AVAILABLE DATA:
BEGIN
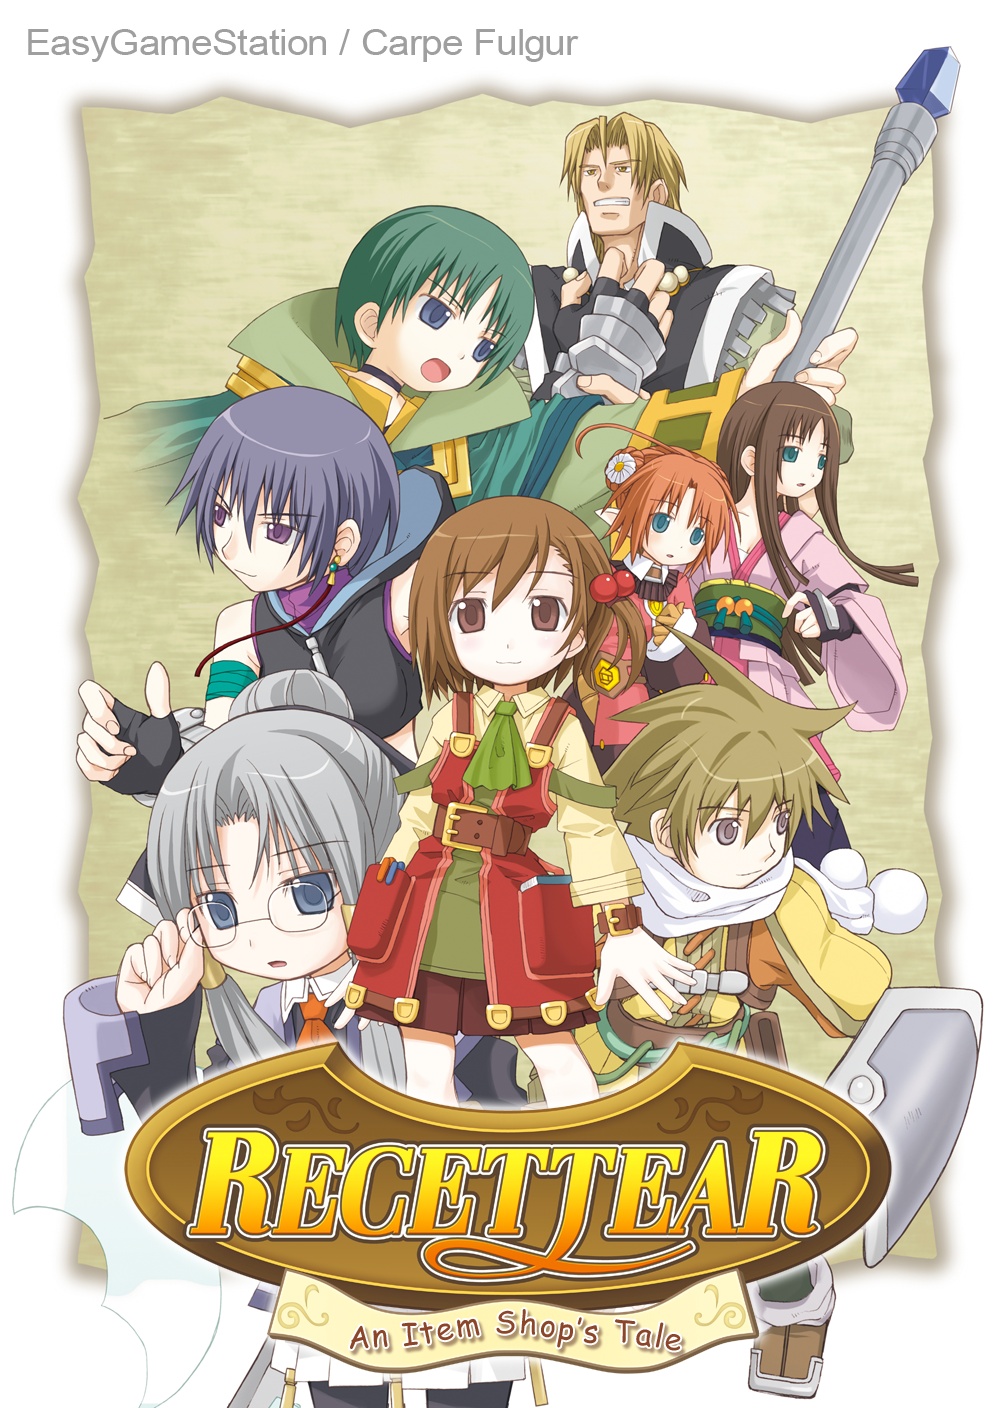 Recettear_Cover_(English).jpg
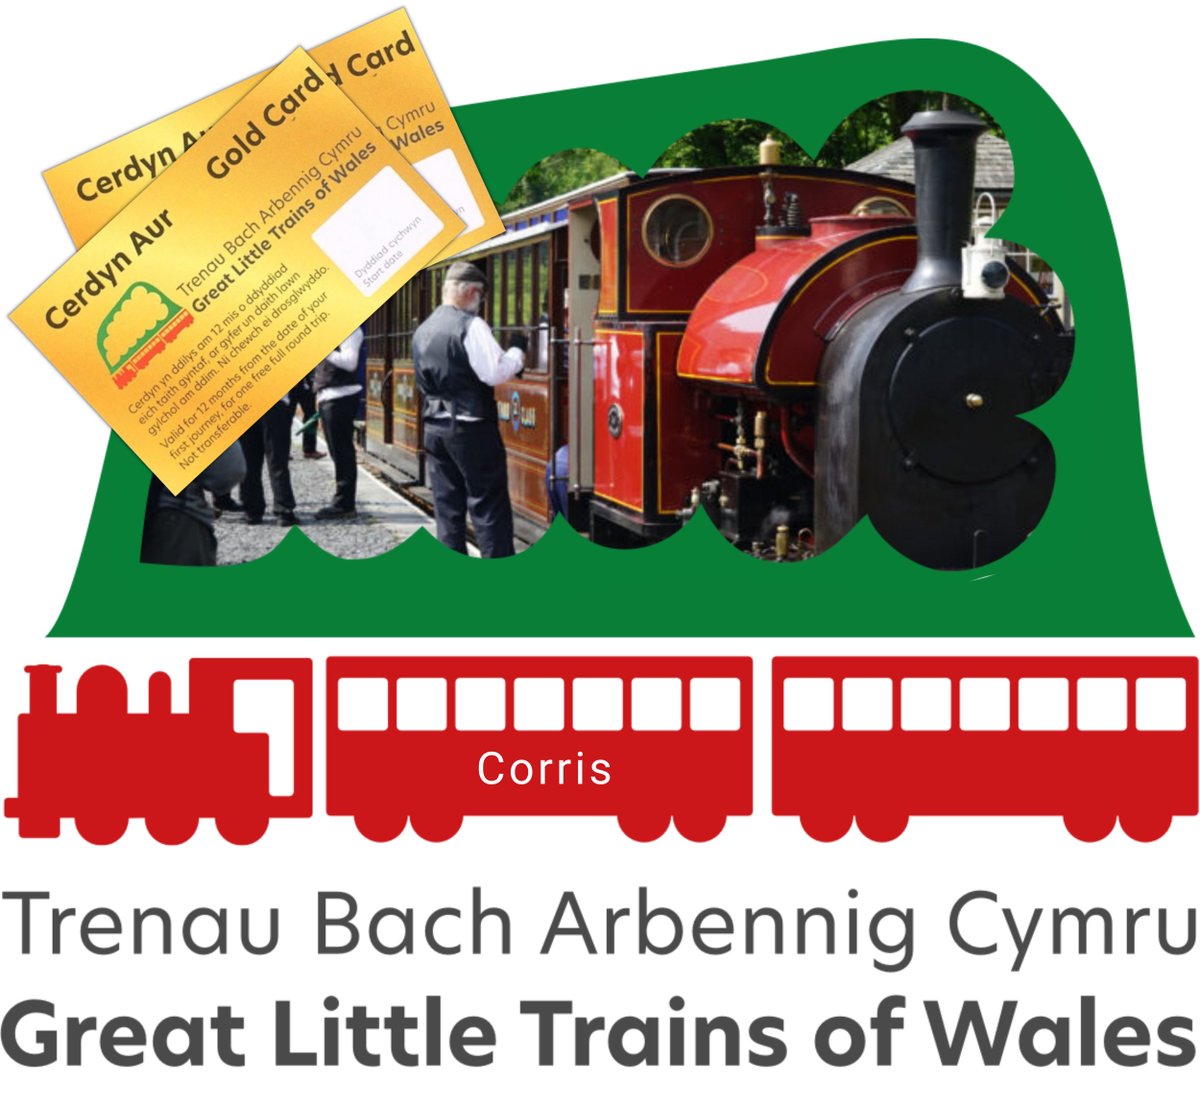 🎟️ 11 std returns on 11 magnificent railways all on 1 card! 🚂 Plan your golden ticket Gr8 adventure #goldcard, cost £152 till Sun 23/04 🔗 loom.ly/oE8uHOs 📸 @CorrisRailway #23offGOLDCARDfor23days2023 #heritagerail #railway #wales #23off2023 #corris #corrisrailway
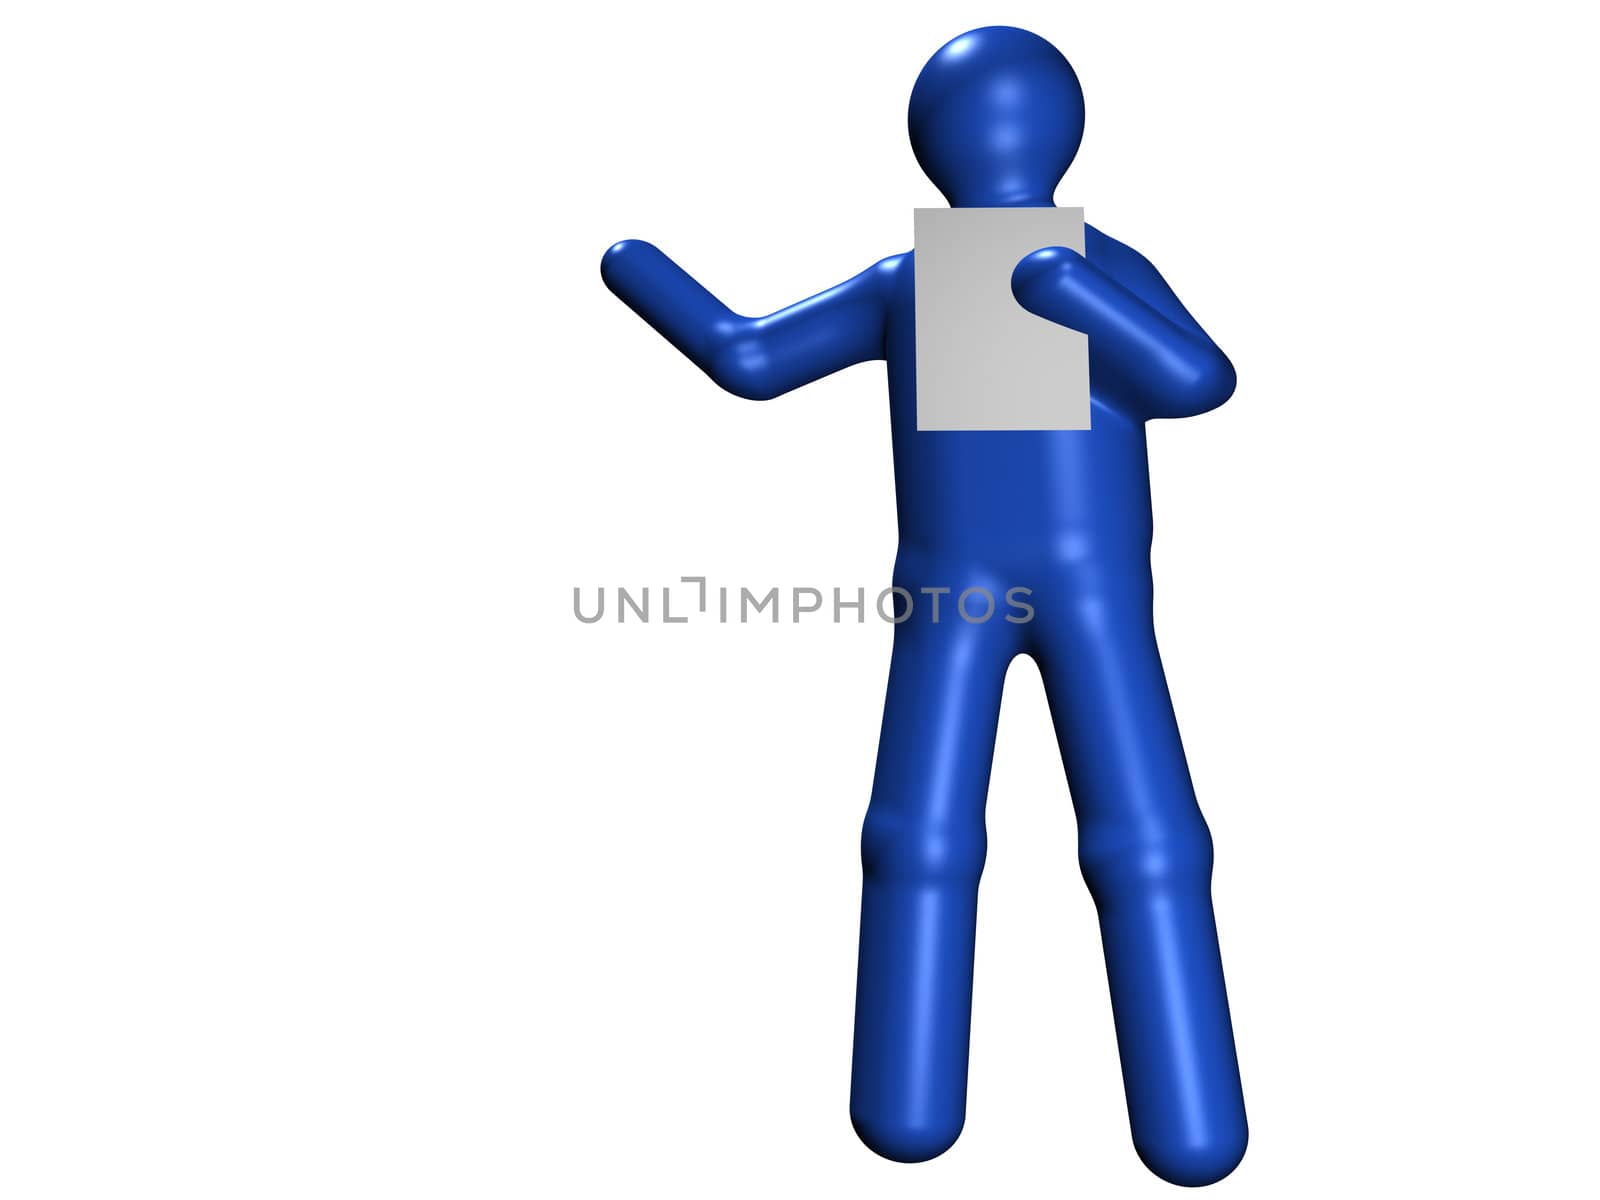 A stylized person makes a report. All isolated on white background.
END
DIRECTIONS FOR THIS TASK:
Retype the material in full, exactly as written, and exclude the pictures.

RESPONSE BOX:
 Recettear_Cover_(English).jpg
 🎟️ 11 std returns on 11 magnificent railways all on 1 card! 🚂 Plan your golden ticket Gr8 adventure #goldcard, cost £152 till Sun 23/04 🔗 loom.ly/oE8uHOs 📸 @CorrisRailway #23offGOLDCARDfor23days2023 #heritagerail #railway #wales #23off2023 #corris #corrisrailway
 A stylized person makes a report. All isolated on white background.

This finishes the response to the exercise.